Using one LLM to evaluate another LLM’s output is one of the most powerful eval techniques. It is also one of the most dangerous if done carelessly.

How to Write a Judge Prompt

A good judge prompt has three parts:

1. Role and context. Tell the judge what it is evaluating and what expertise to apply.

You are an expert evaluator of release risk assessments.

2. Rubric with explicit score levels. Do not just say “rate the quality from 1-5.” Define what each score level looks like with concrete descriptions.

### Reasoning Quality (1-5)
1: No reasoning, just states a conclusion
2: Vague reasoning, doesn't reference specific data
3: Adequate reasoning, references some specific data
4: Strong reasoning, references specific files/changes/risks
5: Excellent reasoning, considers combinations of risks and interactions

3. Structured output format. Ask for JSON so you can parse the scores programmatically.

Respond with a JSON object:
{
    "reasoning_quality": <1-5>,
    "specificity": <1-5>,
    "decision_accuracy": <1-5>,
    "actionability": <1-5>,
    "overall_score": <1-5>,
    "explanation": "<why you gave these scores>"
}

The full judge prompt is in src/release_agent/evals/judge.py in the JUDGE_SYSTEM_PROMPT constant.

Avoiding Bias

LLM judges have known biases that can corrupt your eval results:

Position bias. The judge may favor whichever output is presented first. Mitigation: randomize the order of the agent’s output and the gold example between runs. Or present them in a clearly labeled structure (as this project does).

Verbosity bias. Longer, more verbose outputs tend to get higher scores even when they are not better. Mitigation: include rubric criteria that penalize filler and reward conciseness.

Self-preference bias. If the judge is the same model as the agent, it will tend to rate the agent’s output more favorably. Mitigation: use a different model for the judge than for the agent. In this project, the agent uses gpt-4o with temperature=0.2 and the judge uses gpt-4o with temperature=0.0, but ideally you would use a different model entirely (e.g., Claude as judge if GPT-4 is the agent, or vice versa).

Anchoring bias. Showing the gold example to the judge can anchor its expectations. If the agent produces a valid but different assessment, the judge may penalize it for not matching the gold. Mitigation: explicitly instruct the judge that multiple valid assessments exist, and the gold is a reference, not the only correct answer.

Consistency

Because the judge is itself an LLM, it can give different scores on the same input across runs.

Strategies for consistency:

  • Temperature 0.0: Eliminates most randomness (but not all, due to GPU non-determinism).
  • Multiple runs: Run the judge 3 times and average the scores. This is more expensive but gives you confidence intervals.
  • Explicit rubric: The more specific your rubric, the less room the judge has for subjective variation.

Sycophancy Risk

LLMs tend to be agreeable.
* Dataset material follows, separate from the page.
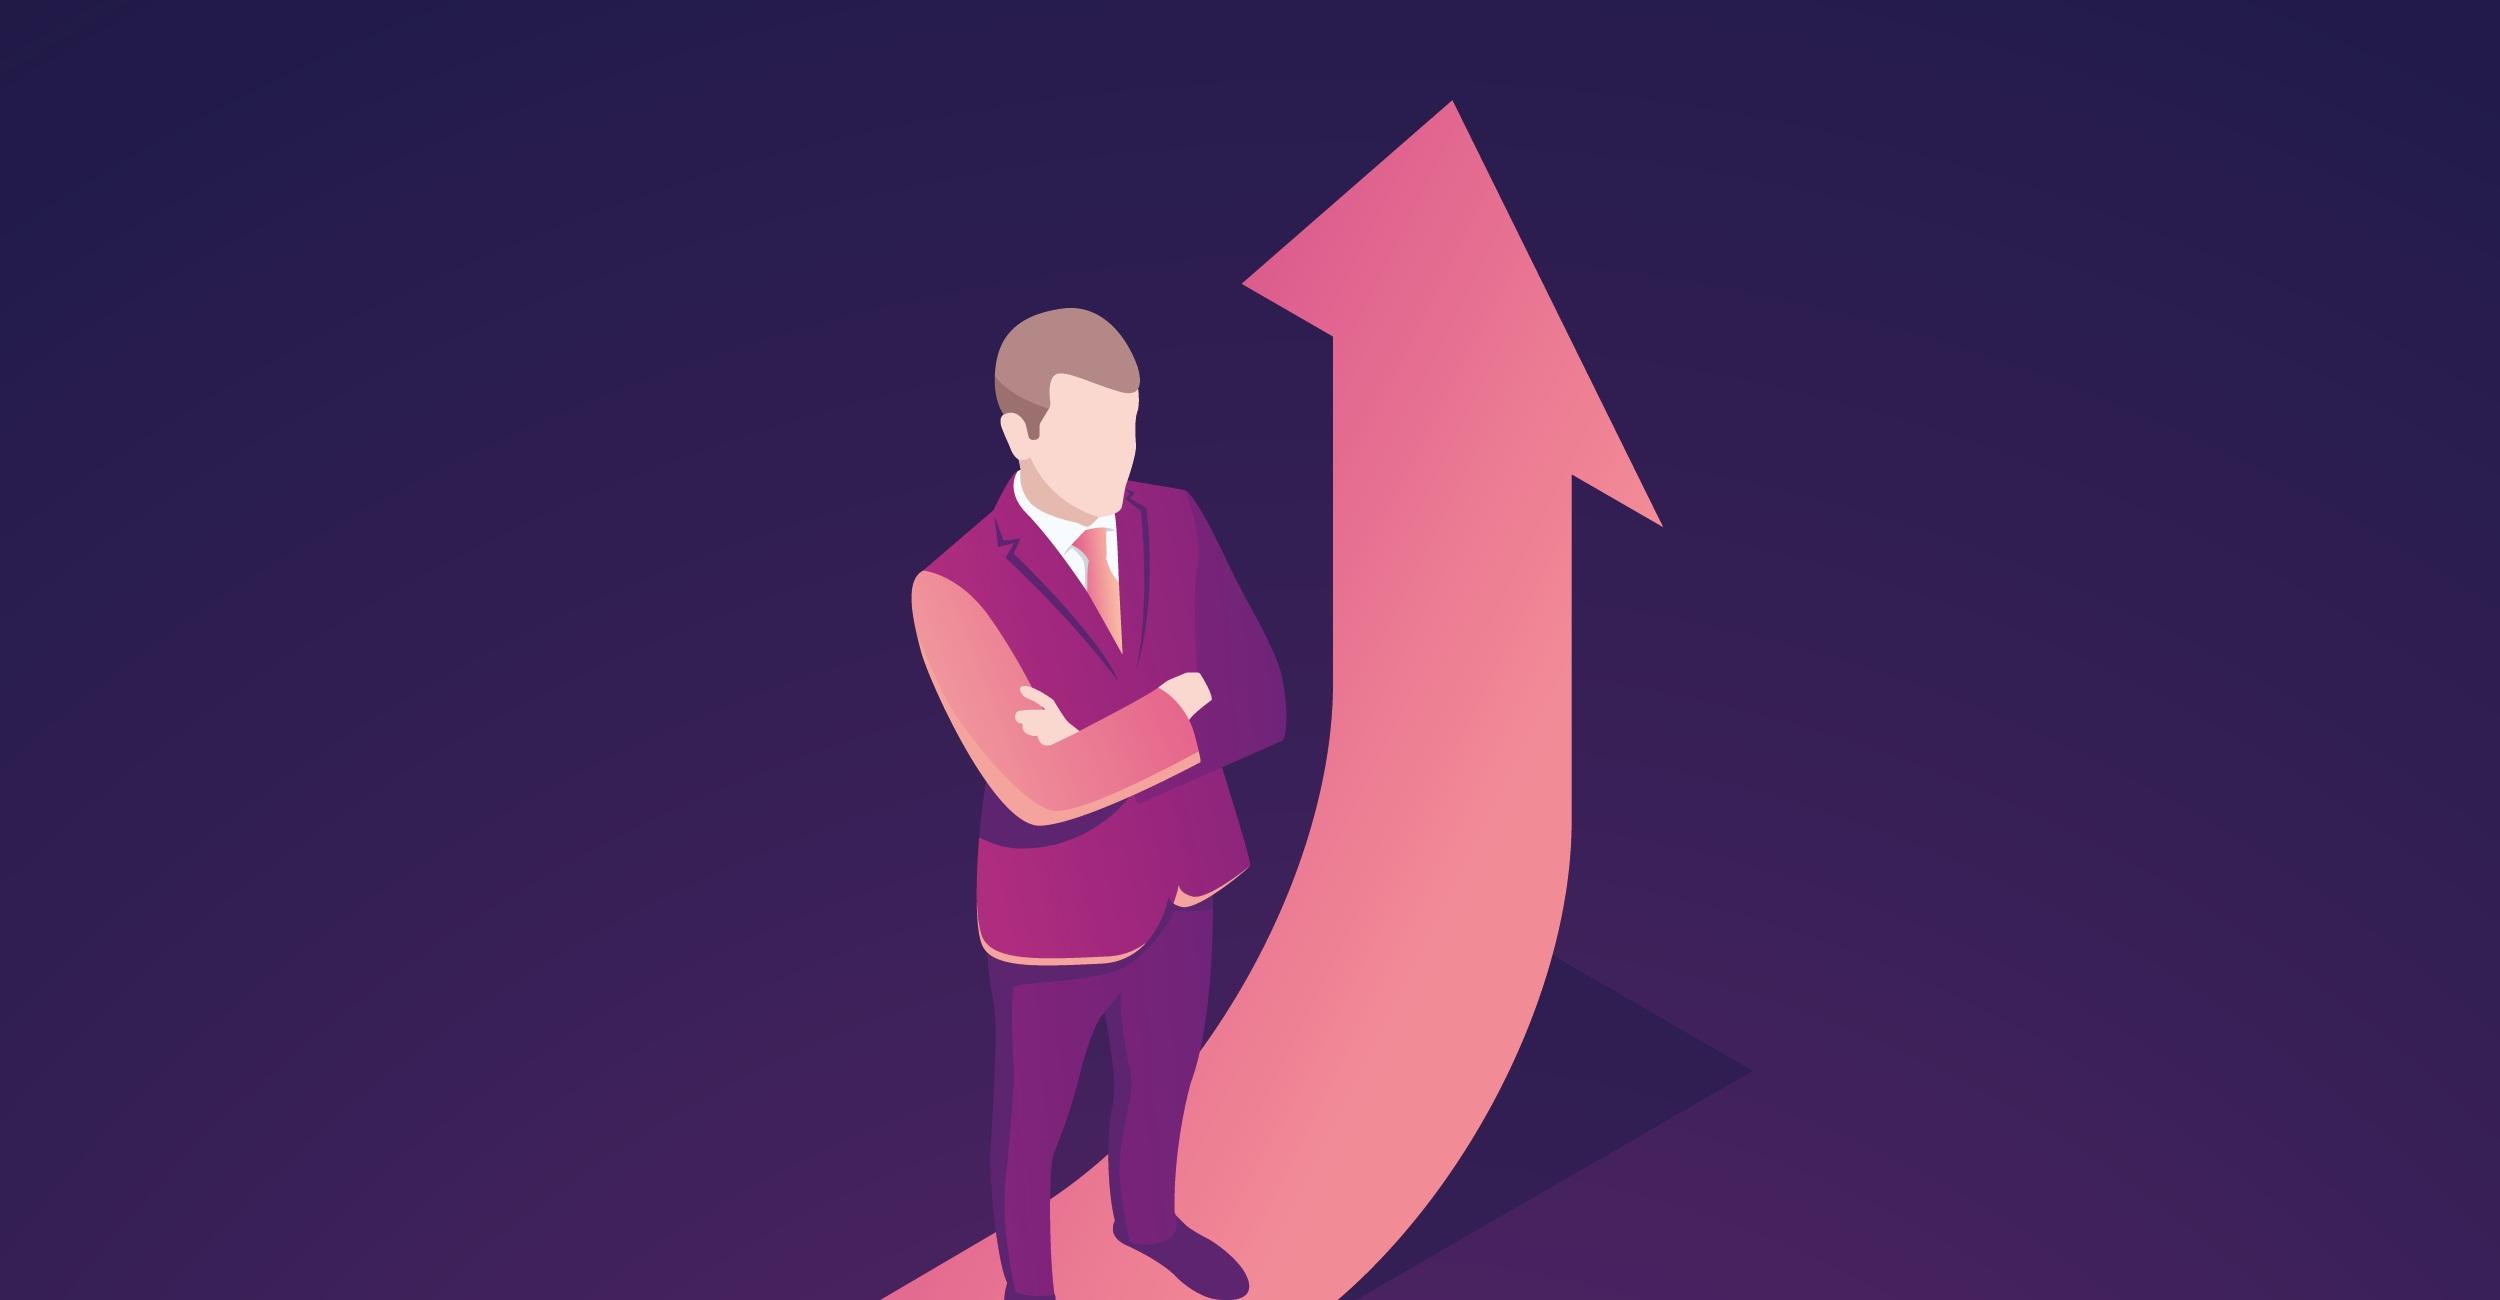 Growth Marketing / Hacking Workshop   Optimization. Strategy. Marketing. Growth.   TERMINE ANZEIGEN

A judge model might give inflated scores because it does not want to “criticize” the agent’s output. This is sycophancy, and it can make your evals meaningless — everything gets a 4 or 5.

Mitigation strategies:

  • Include low-score examples in your rubric. Show the judge what a 1 or 2 looks like so it has permission to give low scores.
  • Ask for the explanation first. Some research suggests asking the model to explain its reasoning before giving a score reduces sycophancy.
  • Calibrate with known-bad outputs. Feed the judge deliberately poor outputs and verify it gives them low scores. If it does not, your rubric needs work.
  • Track score distributions. If your judge never gives scores below 3, something is wrong.